Figure out what your readers want and give it to them. Seek continuous improvement by obtaining reader feedback and monitoring click-through rates to determine what types of articles are most popular.

Another dilemma that we all confront is too much information and too little time. The newsletter’s job is to keep readers on top of trends and the latest developments in the industry.

Aim for articles and feature stories to meet one of the following criteria by including either: major industry occurrences, forward thinking industry ideas, education on issues or new techniques, or business opportunities.

Whether your customers work out of a corporate or home office, employees need answers to questions and tips for improving business activities.

E-newsletters provide you with an opportunity to point out work inefficiencies, and share relevant best practice. When you create a newsletter, try changing your focus from selling products and services to solving your customers’ problems.

Think about what they need and give options they don’t know exist

Frequency

Determine how frequently your readers want to hear from you/receive your Newsletter – and what you can commit to. As a thumb rule, a weekly newsletter is ideal.

However, don’t launch a weekly newsletter if you are not absolutely certain that you can distribute a quality Newsletter every week. A fortnightly newsletter is a good option too.

Timing

Test and pick a day and time that works best …and stick to it. Readers should almost be able to set their watches by the receipt time of your Newsletter.

Make it Viral

Provide information readers can act on or that stimulates reaction – forwarding it to friends and peers, stimulating purchases or requests for additional information. Make it easy for readers to forward articles and information to peers and friends.

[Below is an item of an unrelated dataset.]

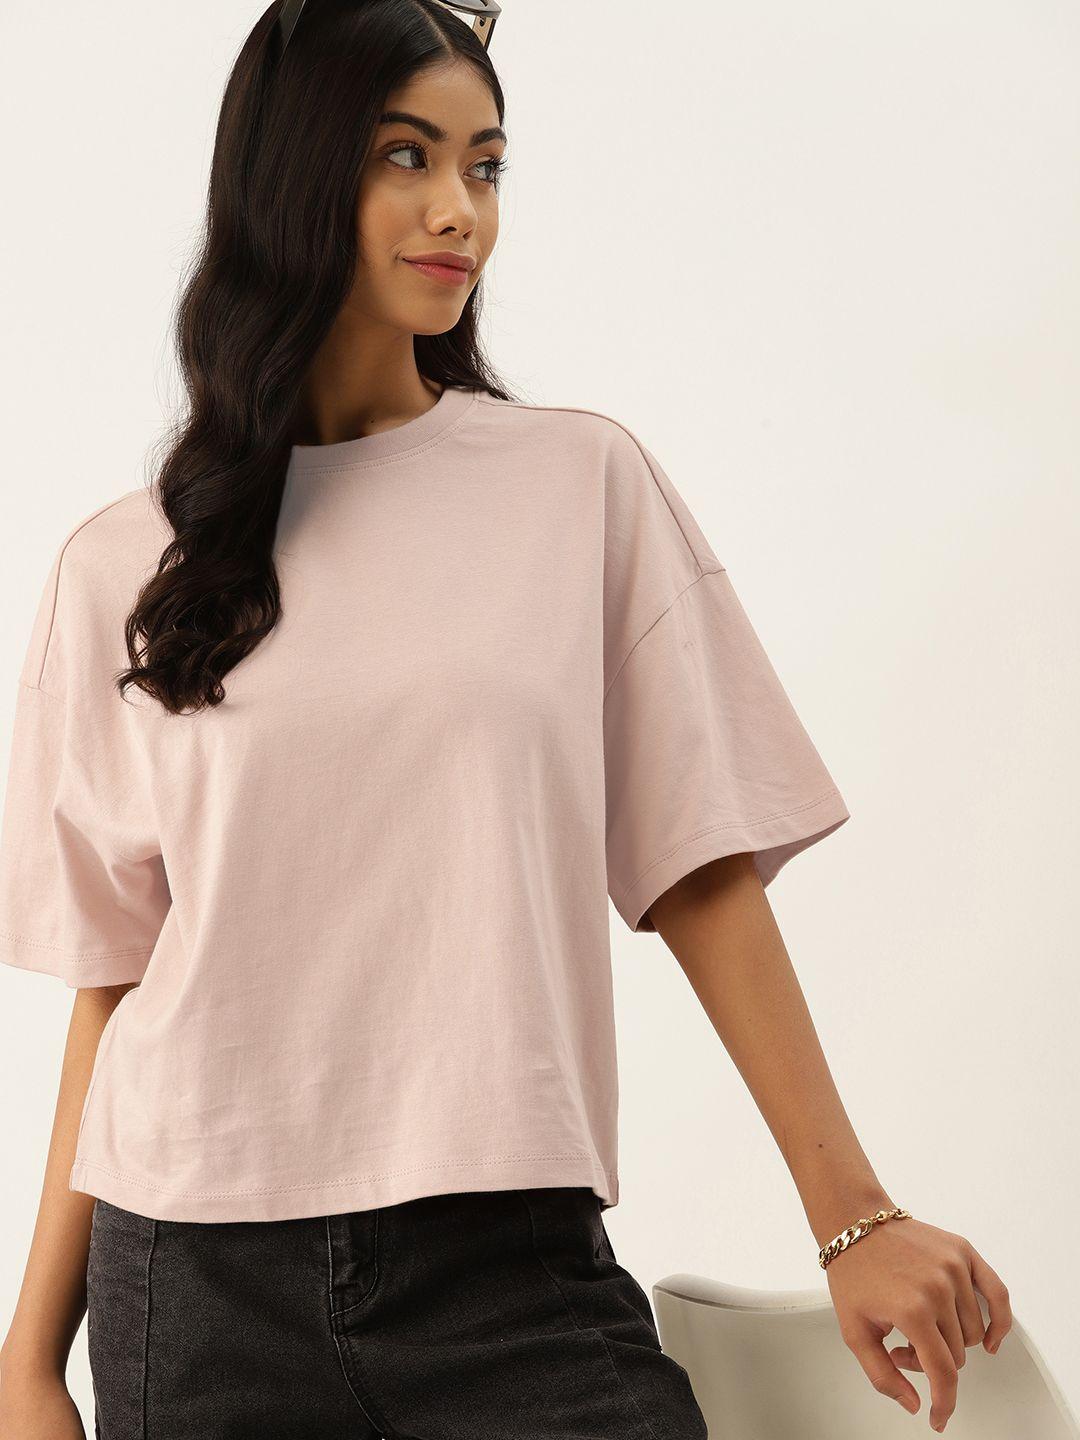 dressberry-pure-cotton-t-shirt

Provide a “Forward to a Friend” link that enables readers to forward the Newsletter with a personalized note.


Searchable

Make it easy to find articles of interest and back issues. Provide a table of contents and links to articles within the newsletter and to resources and past Articles on your site.

Printing

Consider providing “printer-friendly formats” on your Web site.

Personalize

At minimum address the reader by name. The most successful newsletters have a human being associated with them…and a personality.

If possible, your Newsletter should be “written by a person” at your company…not the company.

Write in layman terms with simple vocabulary

Not everyone has the vocabulary that you and editors do. Use words that are easy-to-understand, and if you do use technical terms, provide a definition that people can relate to.

There is nothing more frustrating then a definition that makes less sense than the word itself.